5.  South Bay. Charleston SC
26 South Bay, Charleston, SC, was the home address of Anna Johnstone (1787-1870), Martha McNeill's cousin [more]. See Charleston City Directory & Strangers Guide for 1856, New York, 1856, p. 91.

6.  Mrs Gamble
Jane Gamble (1790-1864), mother of J. H. Gamble [more].

7.  sons & daughter
James H. Gamble, his brother-in-law Samuel Wann (b. 1820), merchant, and his sister Jane Wann (1822-1875), née Gamble.

8.  Alexandroffsky Villa
'Alexandroffsky' in Baltimore was the villa owned by Thomas De Kay Winans (1820-1878), locomotive engineer and collector [more]; see AMW to JW, 15, 16 and 18 September 1848, #06363.

9.  Mrs Winans
Celeste Winans (1823-1861), née Revillon, wife of Thomas De Kay Winans [more]. J. Thomas Scharf in Chronicles of Baltimore, Being a Complete History of Baltimore Town and Baltimore City from the earliest period to the present time, Baltimore, 1874, p. 563, wrote on Celeste Winans' charitable work: 'Mrs Winans established a soup house near her mansion on West Baltimore Street, from which the poor were furnished daily with soup, bread, and in some instances fuel.
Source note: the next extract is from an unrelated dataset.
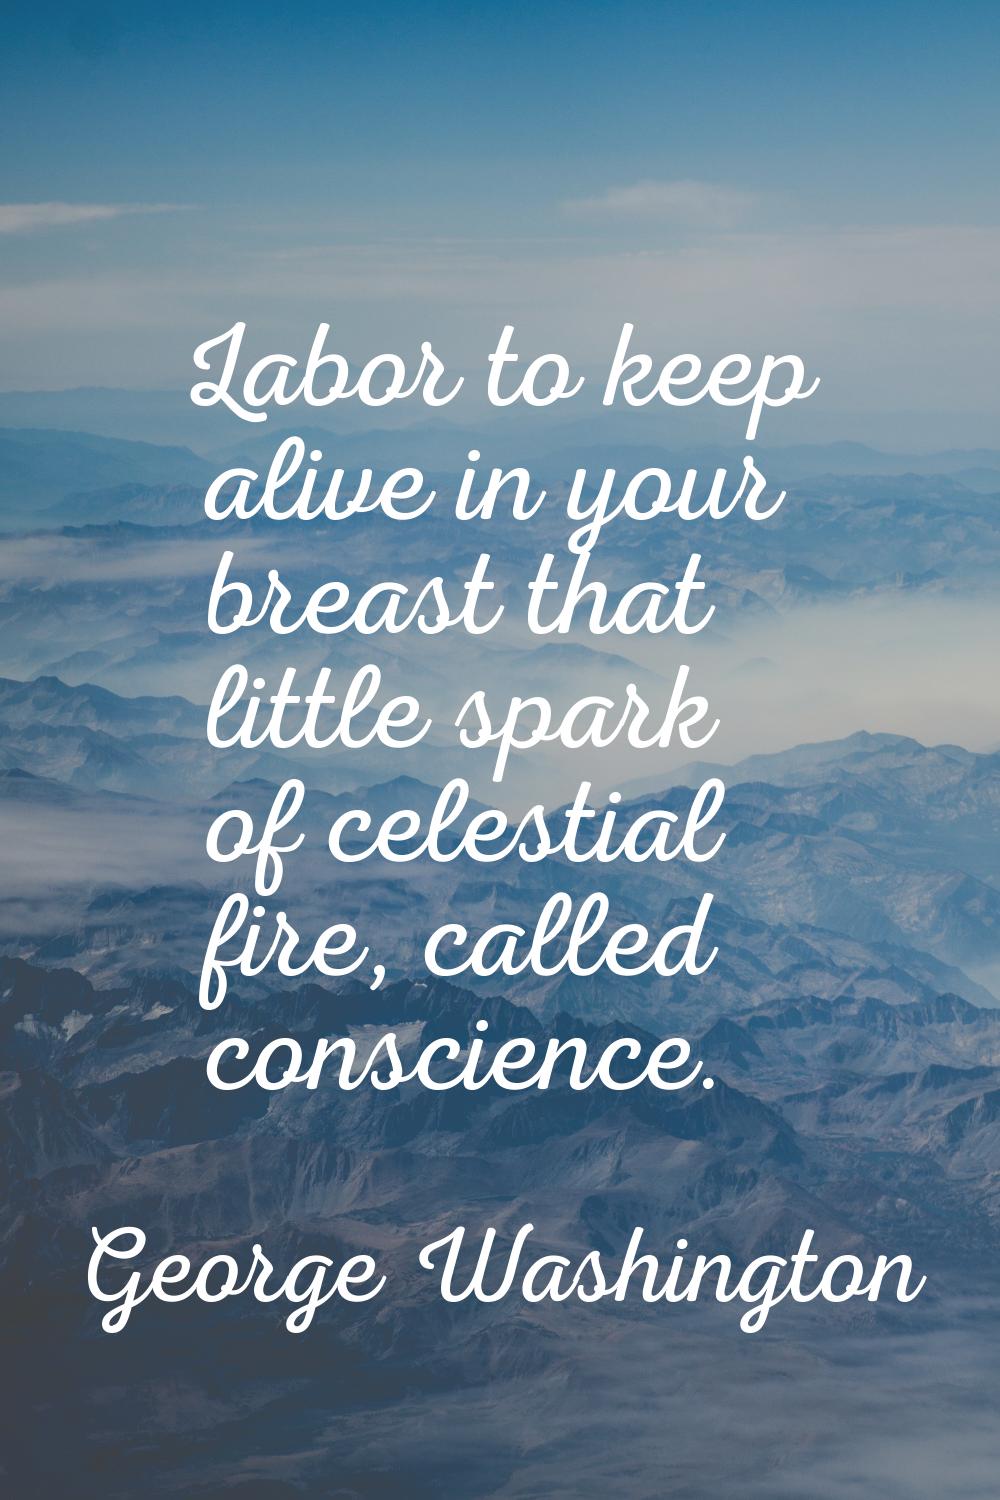 Labor to keep alive in your breast that little spark of celestial fire, called conscience.
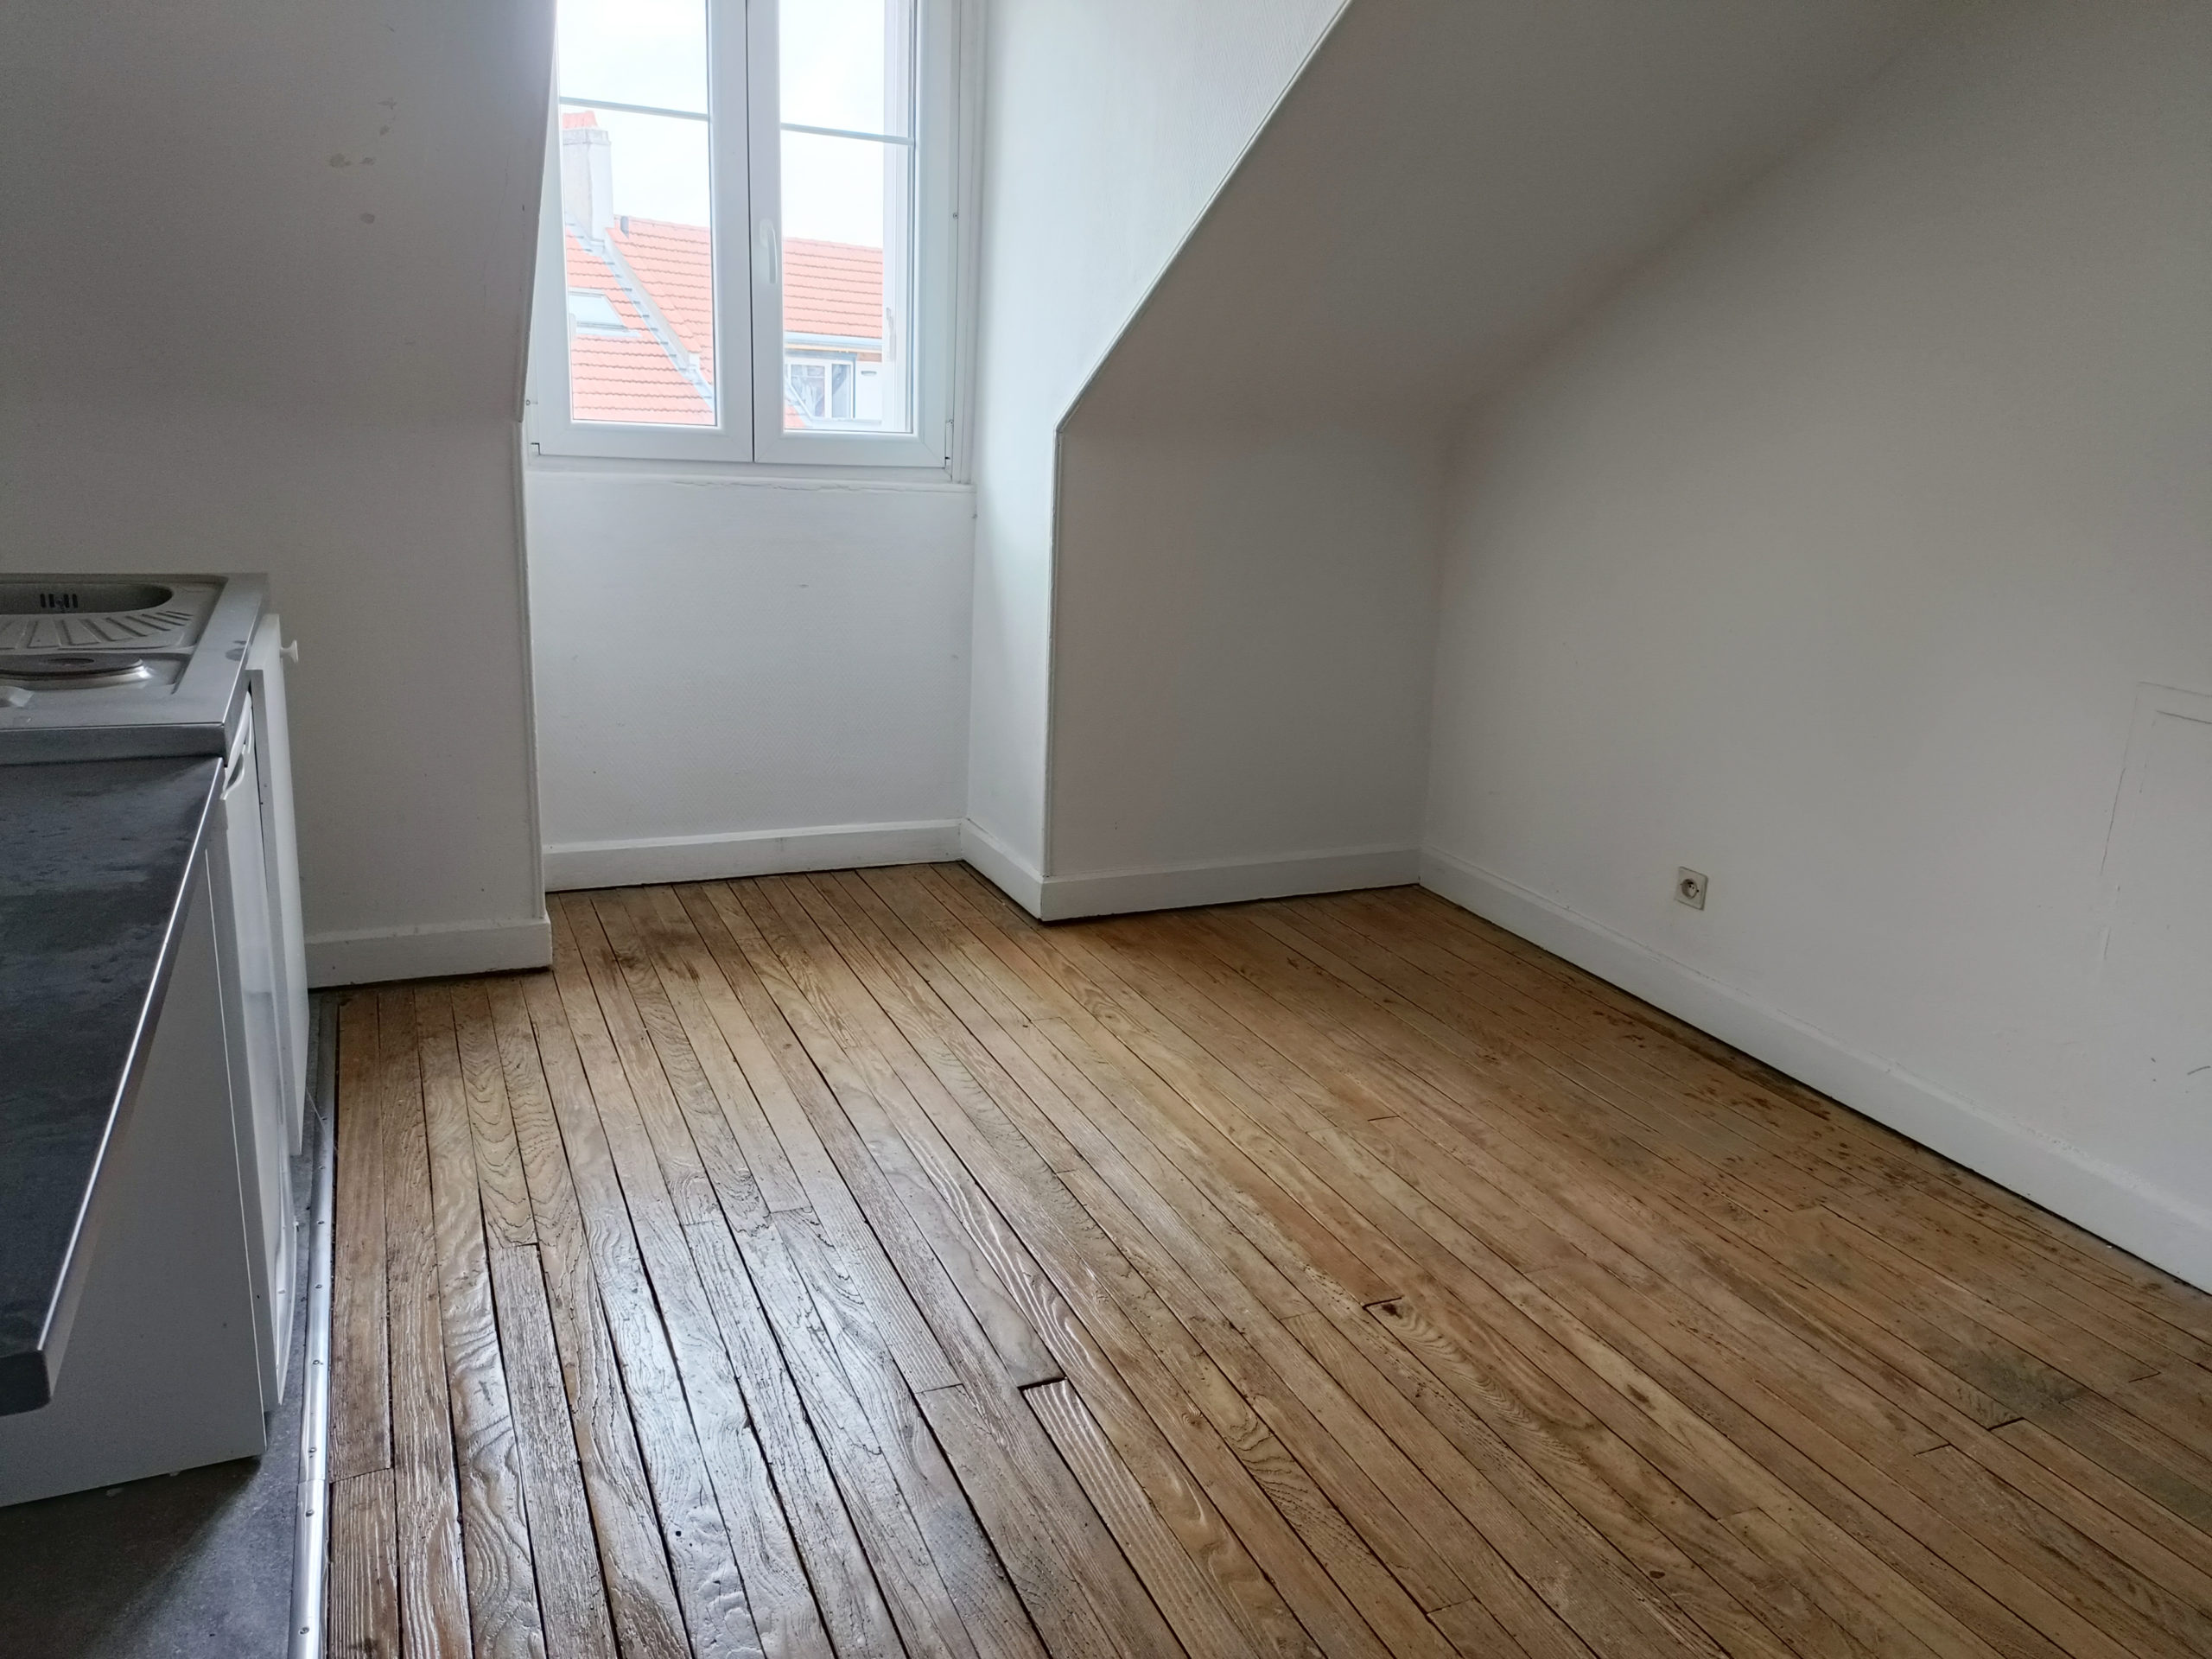 1-Bedroom Apartment with Renovation Potential – 42 m² – Metz, Sainte-Thérèse Area – Near the Train Station

This noble work of charity was under her own supervision, and very often as many as six hundred daily received the renovating beverage from her hands.' In the early 1860s, the soup house fed 4000 people daily. See T. Winans' obituary in the Sun, 11 June 1878, Baltimore, vol. 83, no. 22.
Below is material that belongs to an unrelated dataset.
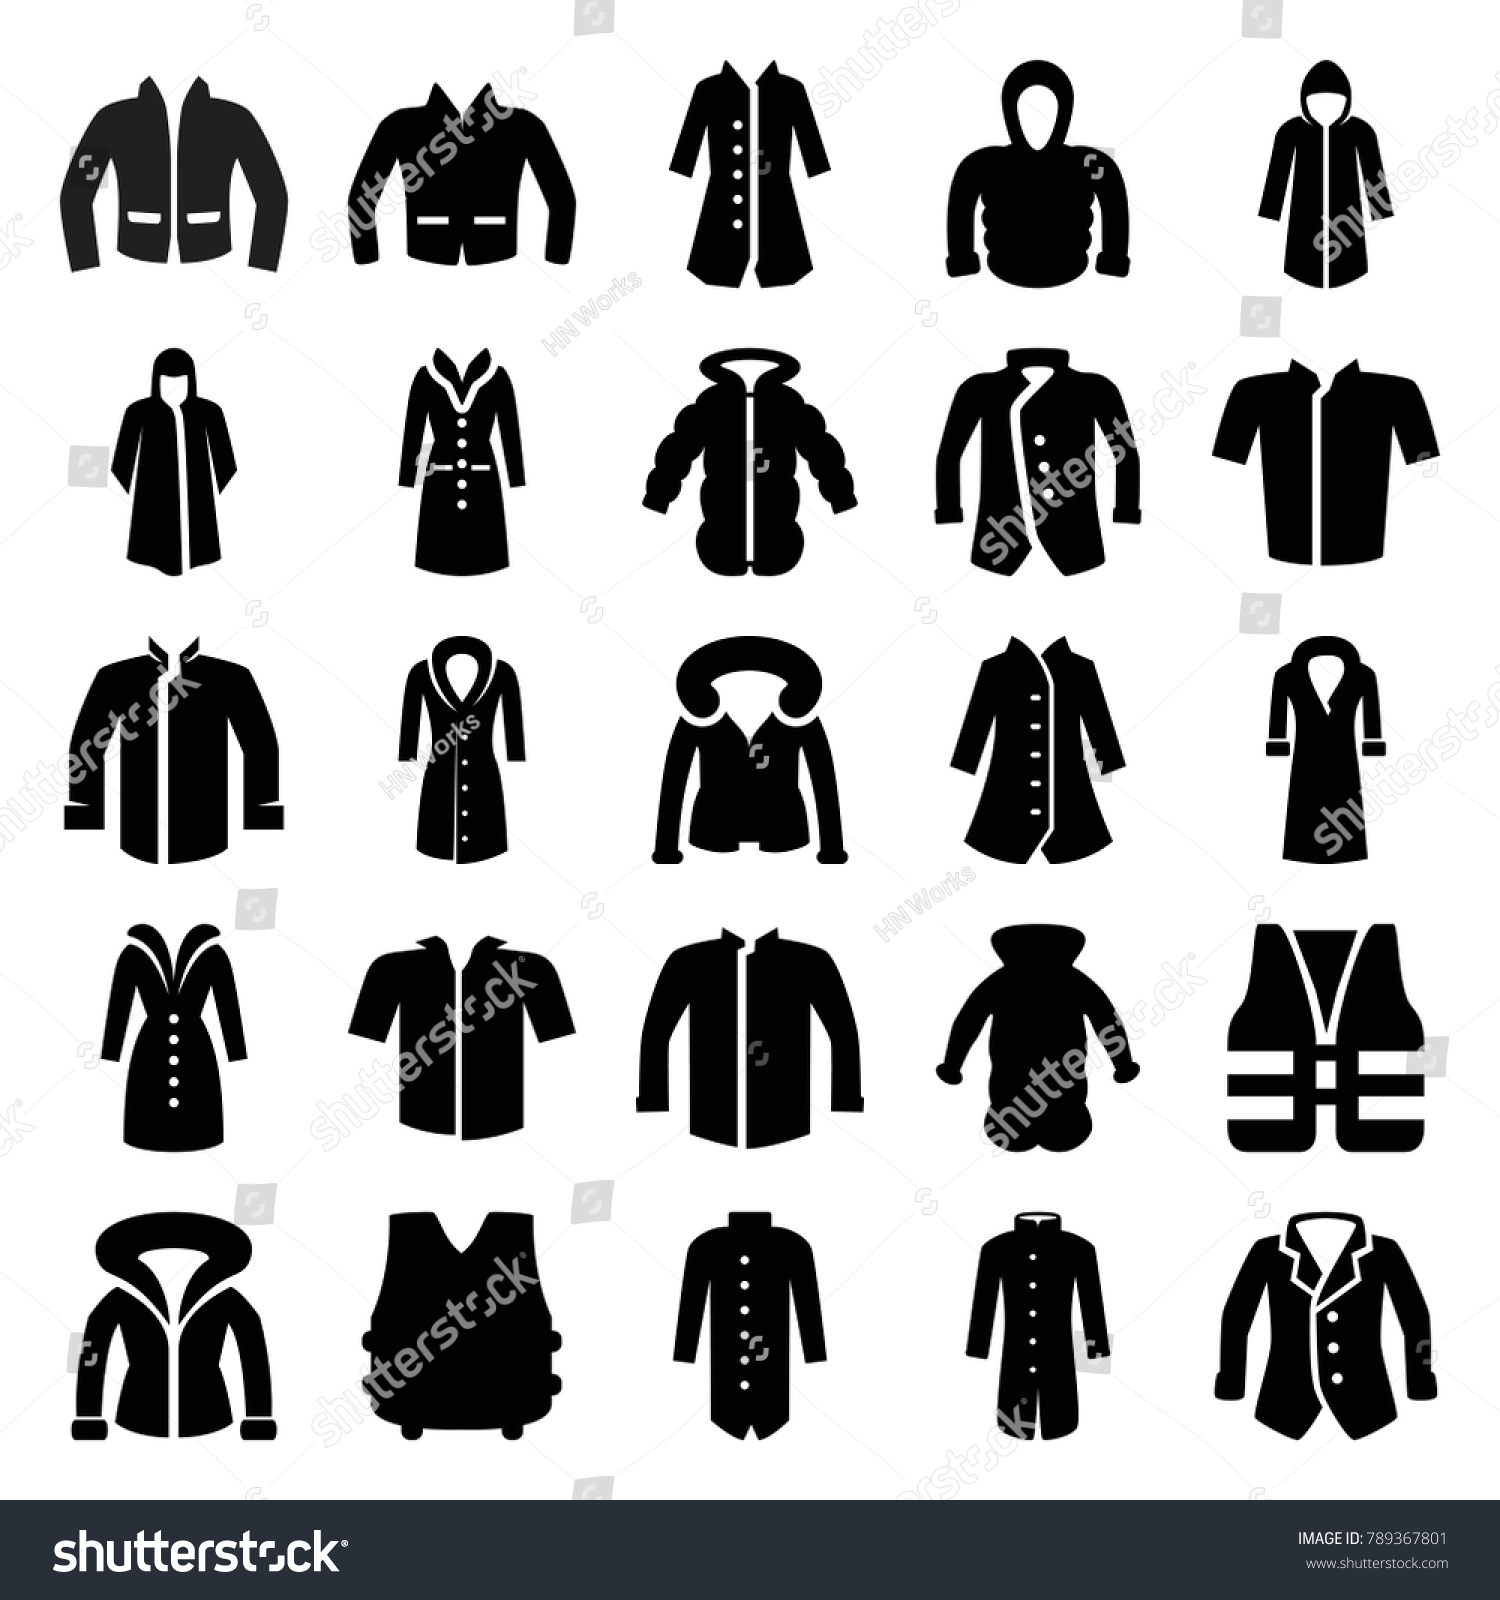 Jacket Icons Set 25 Editable Filled Stock Vector (Royalty Free ...

10.  Mr Pierce of Richfield Springs
Pierce, of Richfield Springs, NY. AMW spent five weeks at Richfield Springs in July-August 1857; see AMW to JW, 17 August and 16 September 1857, #06487, and AMW to JW, 13 and 15 July 1857, #06485.

11.  St Pauls
Old Saint Paul's Episcopal Church in Baltimore, MD. It was founded in 1692 as a mission of the Diocese of London.

12.  Dr Wyatts
Dr William Edward Wyatt (1789-1864), clergyman and Professor of Theology in the University of Maryland [more].

13.  Jackson McNeill
Patrick T. Jackson ('Jacks') McNeill (1835-1898), accountant, JW's cousin [more].

14.  Wilmington N C
AMW was born in Wilmington, NC.

15.  Grandmamas
Maria Margaretta Cammann ('Grandma C') (1774-1862), mother-in-law of William Gibbs McNeill [more].

16.  Mr Morrell
Morrell, AMW's travel companion.

17.  workies
Probably a colloquial term for slaves.

18.  Cottage
AMW lived intermittently at Scarsdale, NY, between about September 1851 and November 1857, in a cottage owned by her friend Margaret Getfield Hill (1802-1881).

19.  Potatoes
In October 1857, AMW ordered a supply of potatoes from Ireland, through James H. Gamble; see AMW to JW, 8 October 1857, #06489.

20.  I
'I found ... for him!' is written in the bottom third of p. 4, upside down to the rest of the text.

21.  Central or Harlaam
New York Central Railroad, and New York and Harlem Railroad; see AMW to JW, 11 July 1856, #06474, and AMW to JW, 27 August 1851, #06399. The American traveller of the early railroad car was almost totally lacking in the type of class consciousness which would have resulted in different cars for each social class. With the exception of most black people, some immigrants and those cars reserved for ladies, all passengers of southern trains mingled together and shared the uncertainties of the road. The situation was not much different in the north. AMW's preference for southern trains is probably a reference to the Charleston trains, which could have attracted mainly affluent citizens, Charleston being an artistocratic resort; see Eugene Alvarez, Travel on Southern Antebellum Railroads, 1828-1860, Alabama University Press, 1974, pp. 150-163.

22.  Willie
William McNeill Whistler (1836-1900), physician, JW's brother [more].

23.  Remember
'Remember ... AMW' continues in the upper left margin of p. 1, at right angles to the main text.